* _Work instruction_: Transcribe the listing exactly as written. Leave the images out.

* _Stored data_:
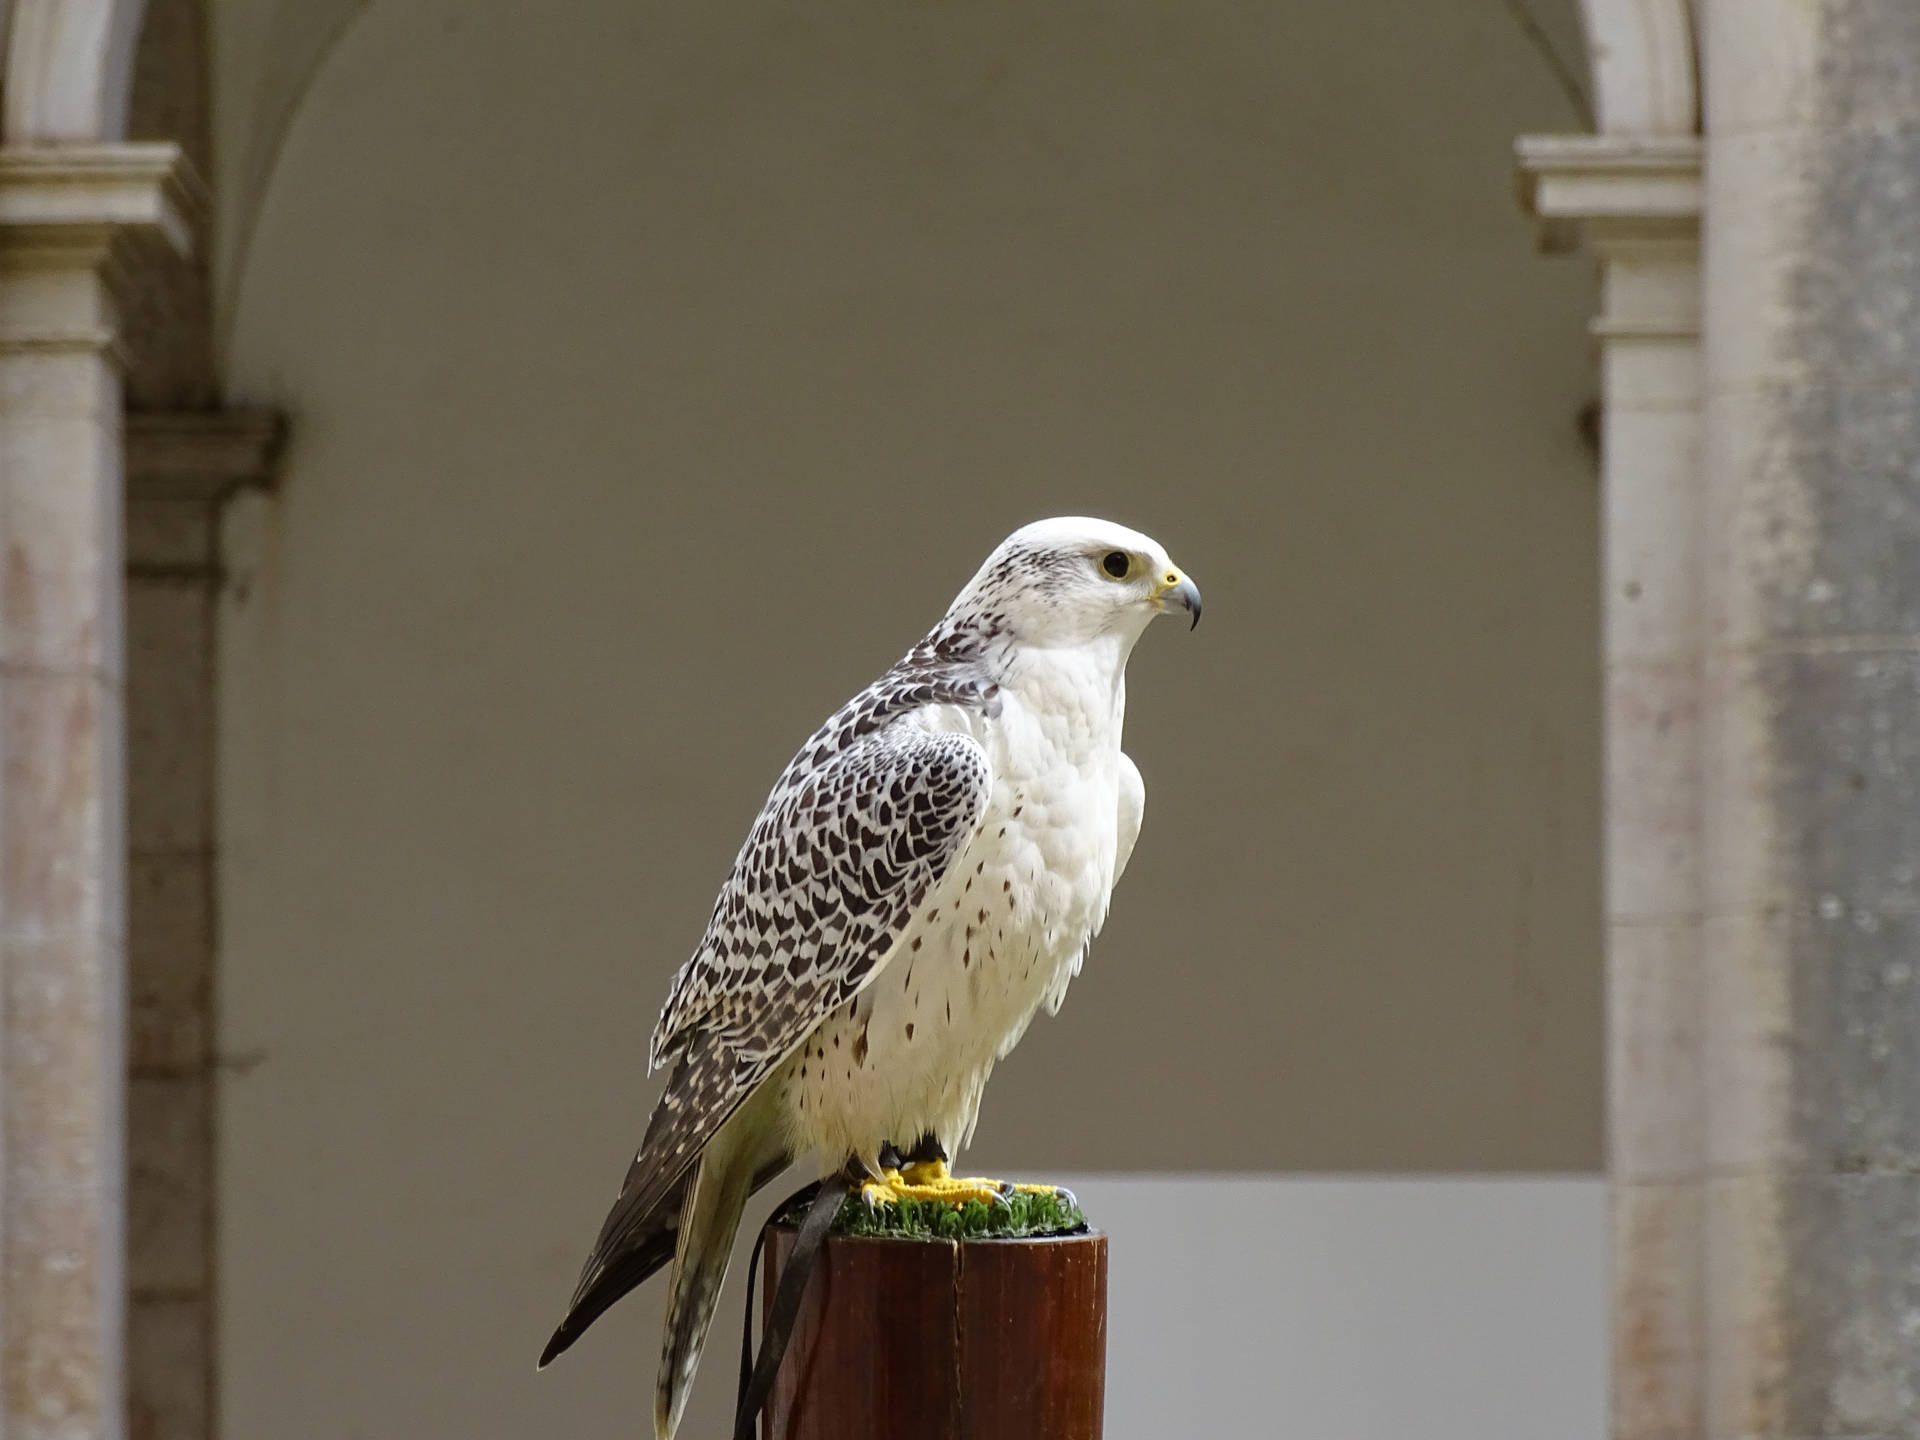 White Falcon With Black Specks
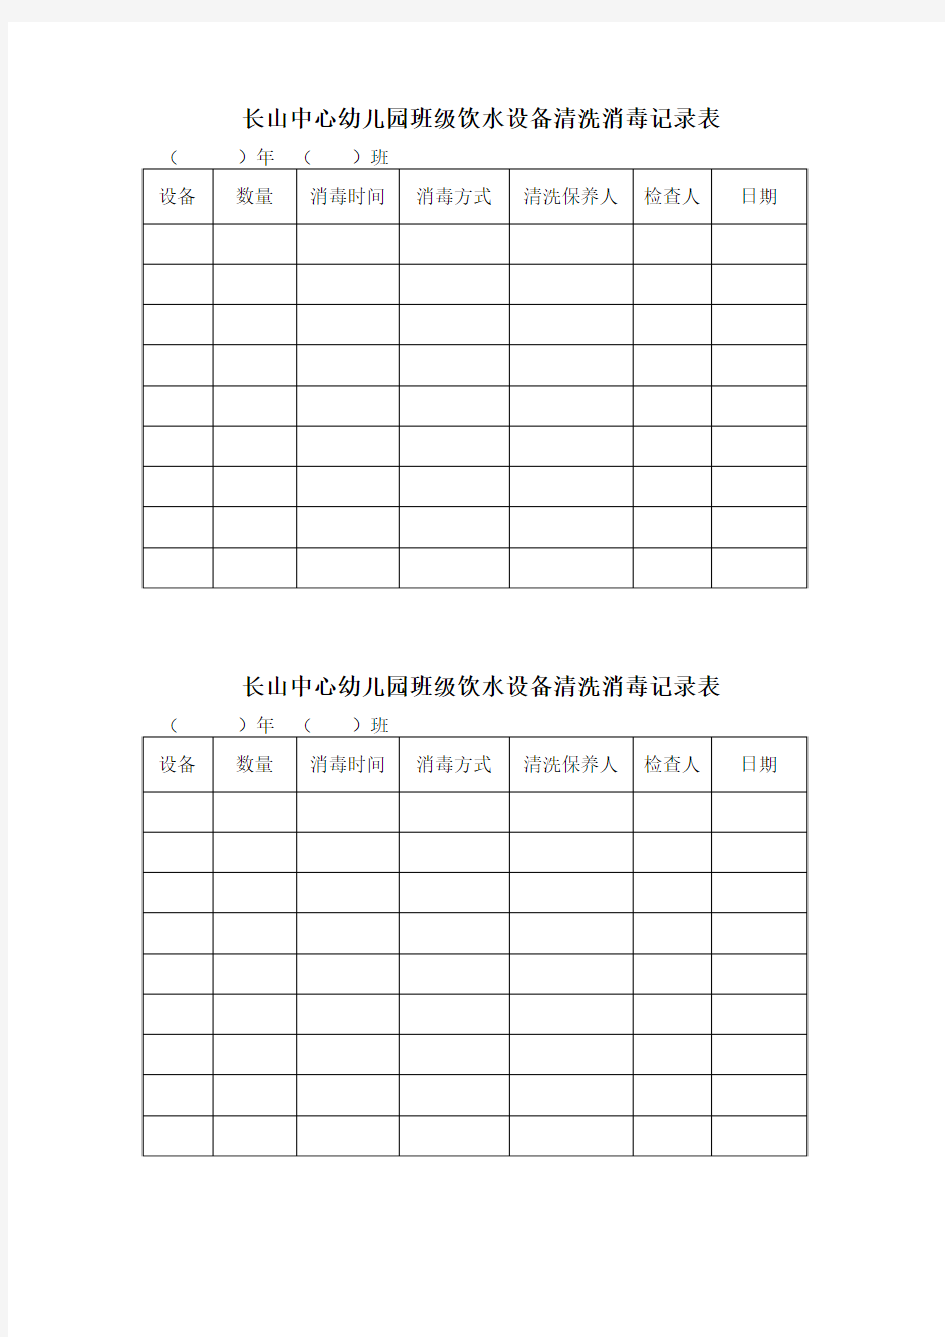 长山中心幼儿园班级饮水设备清洗消毒记录表
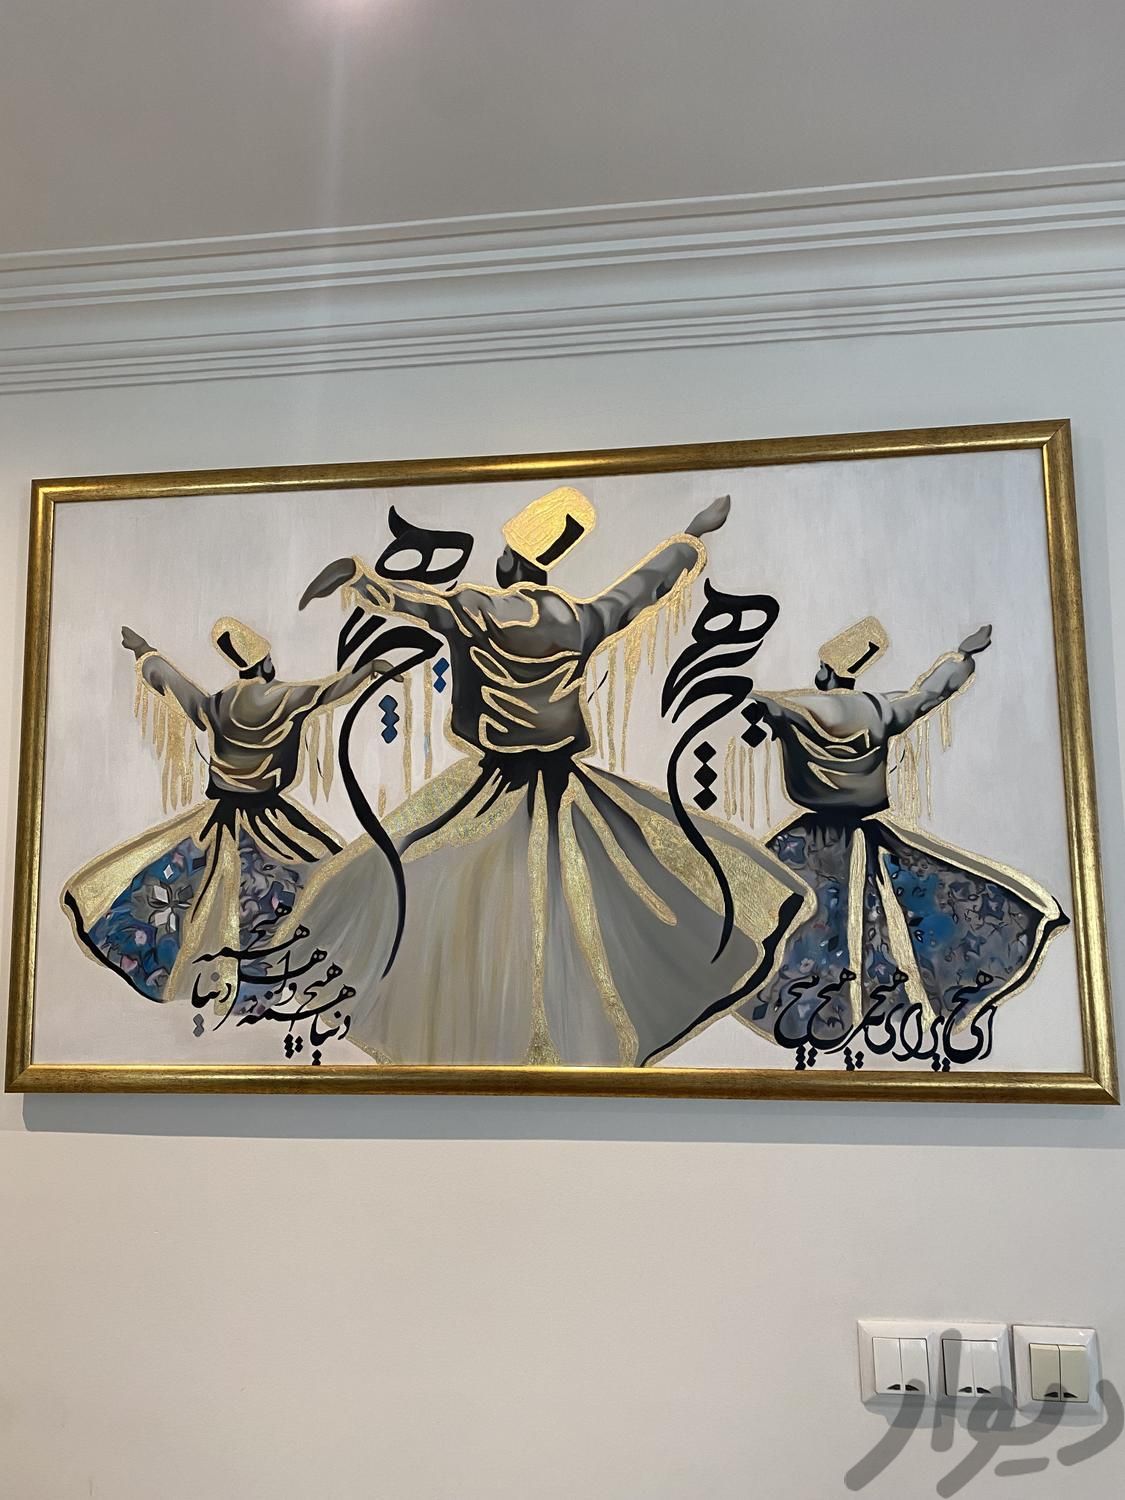 کامل کاردست کارشده با ورق طلا به همراه قاب طلایی|تابلو، نقاشی و عکس|تهران, سوهانک|دیوار
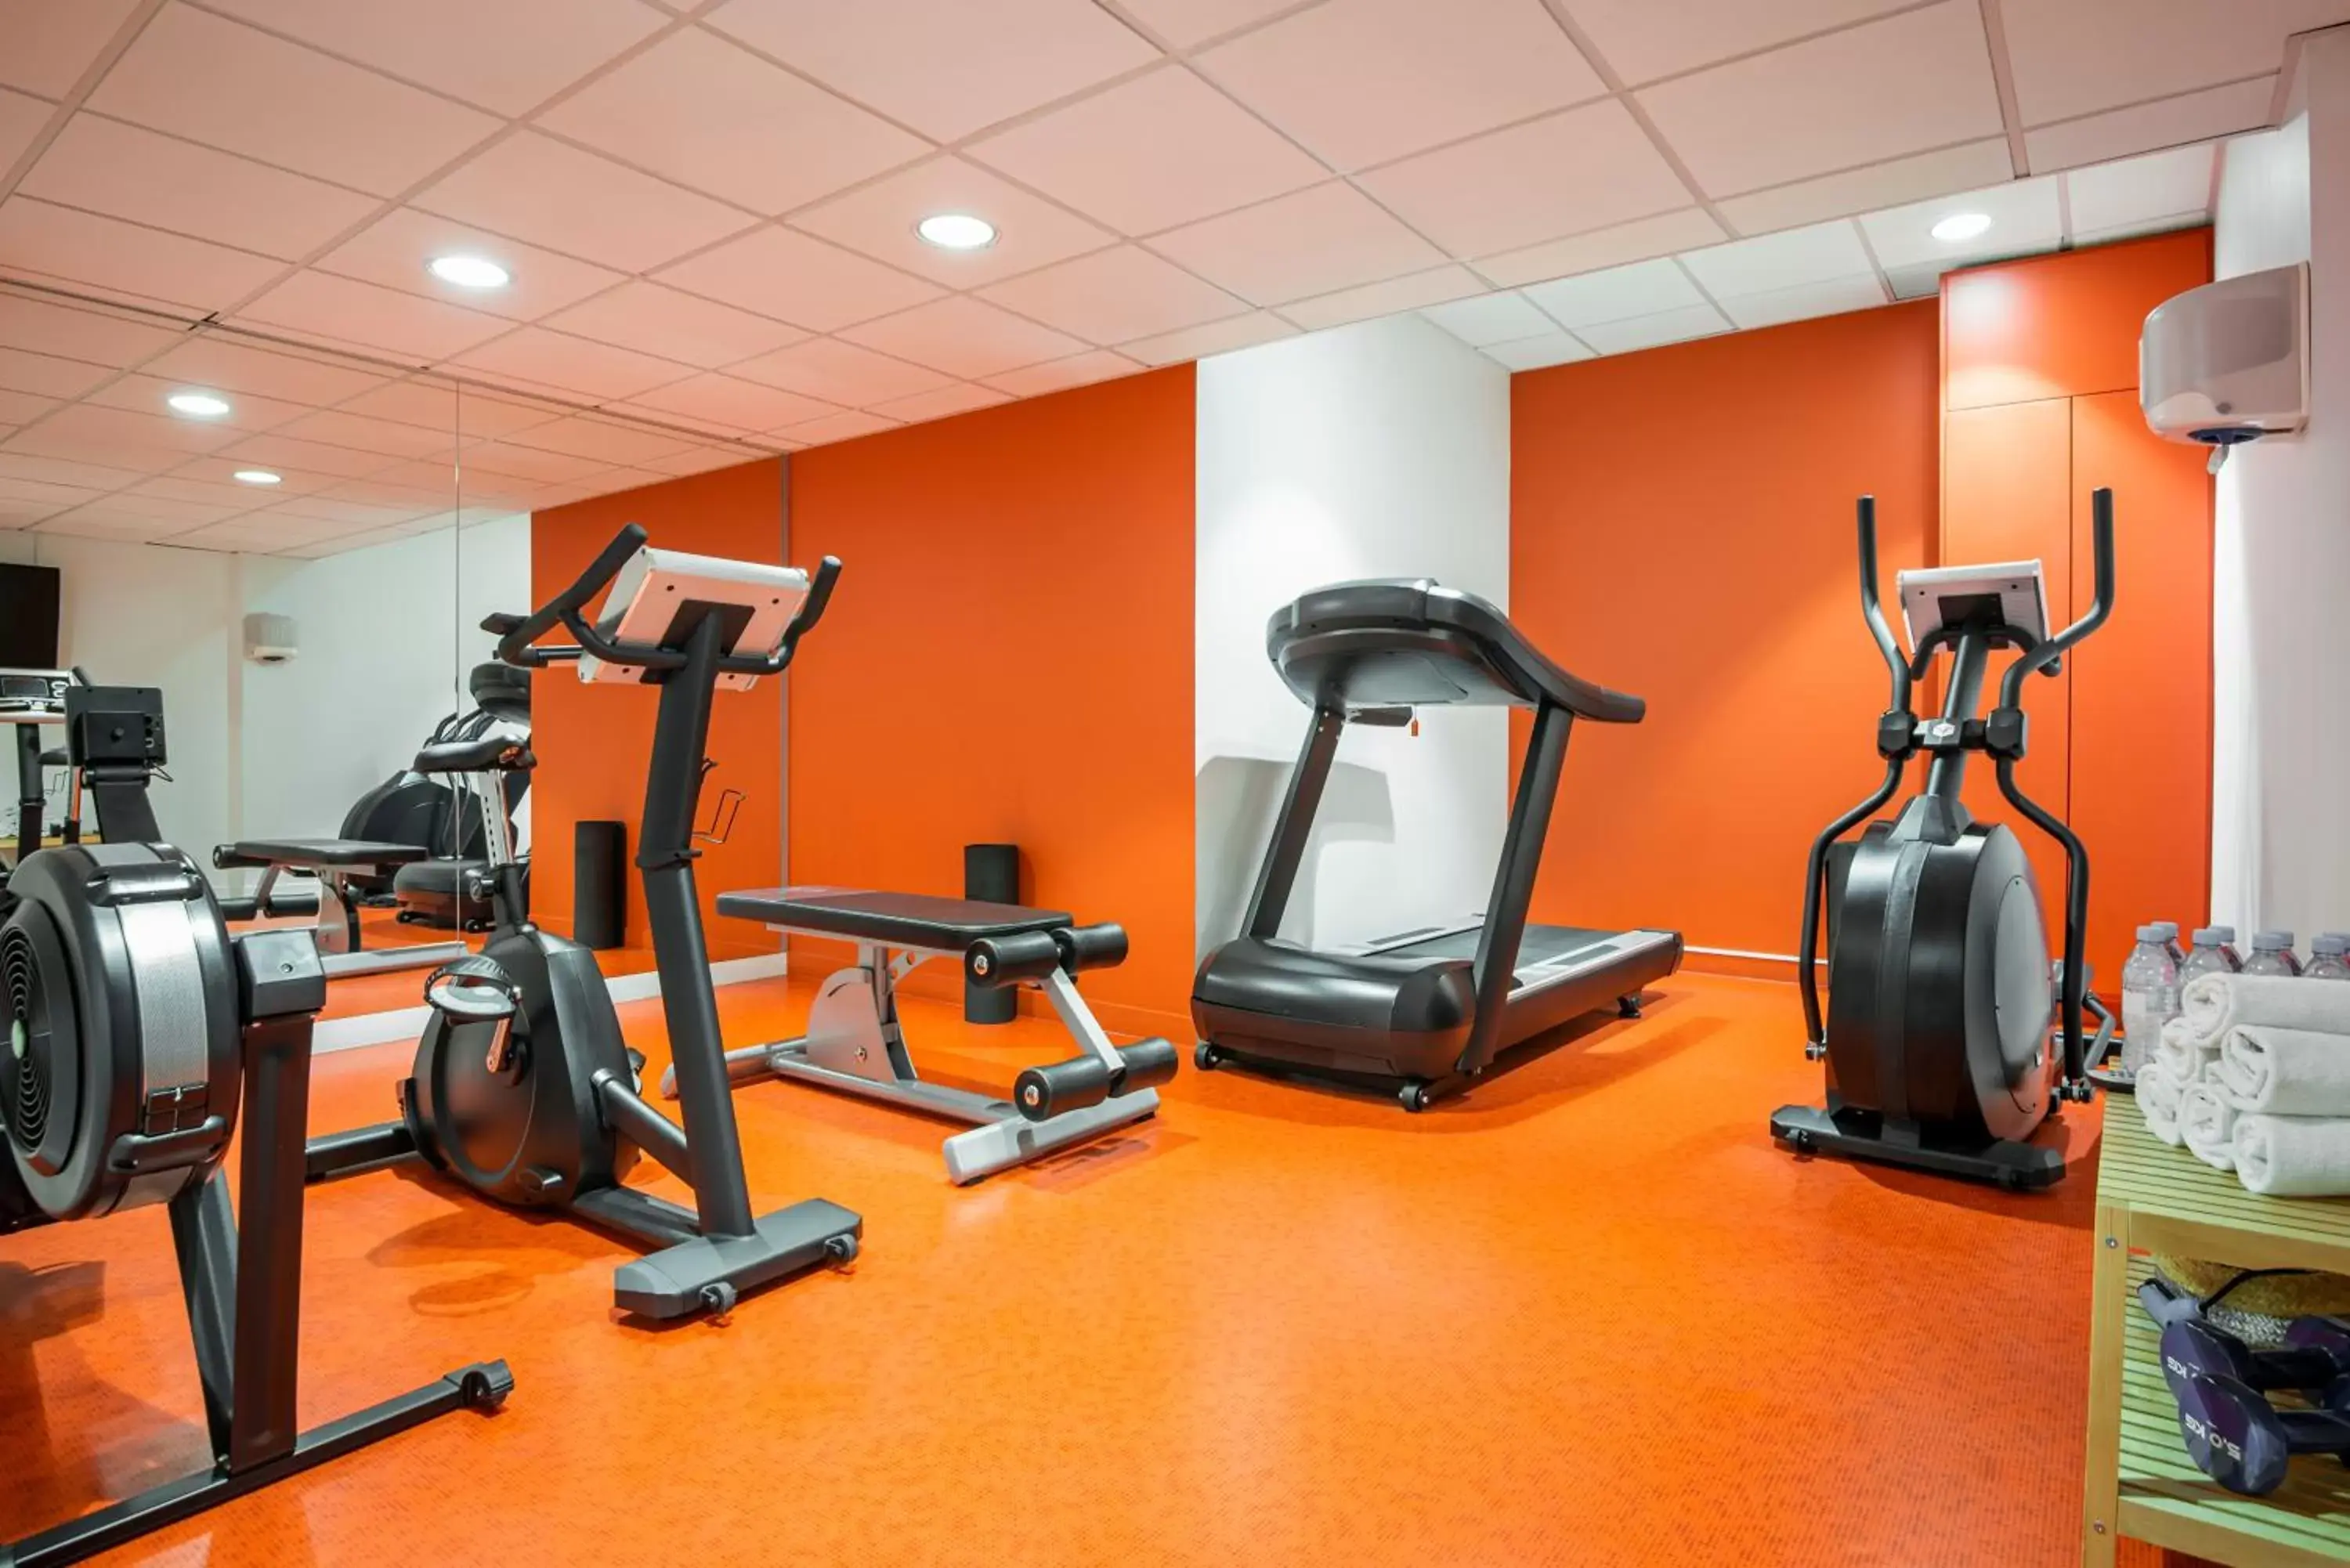 Fitness centre/facilities, Fitness Center/Facilities in Aparthotel Adagio Paris Bercy Village

* _Task solution_:
 White Falcon With Black Specks
 长山中心幼儿园班级饮水设备清洗消毒记录表
 کامل کاردست کارشده با ورق طلا به همراه قاب طلایی|تابلو، نقاشی و عکس|تهران, سوهانک|دیوار
 Fitness centre/facilities, Fitness Center/Facilities in Aparthotel Adagio Paris Bercy Village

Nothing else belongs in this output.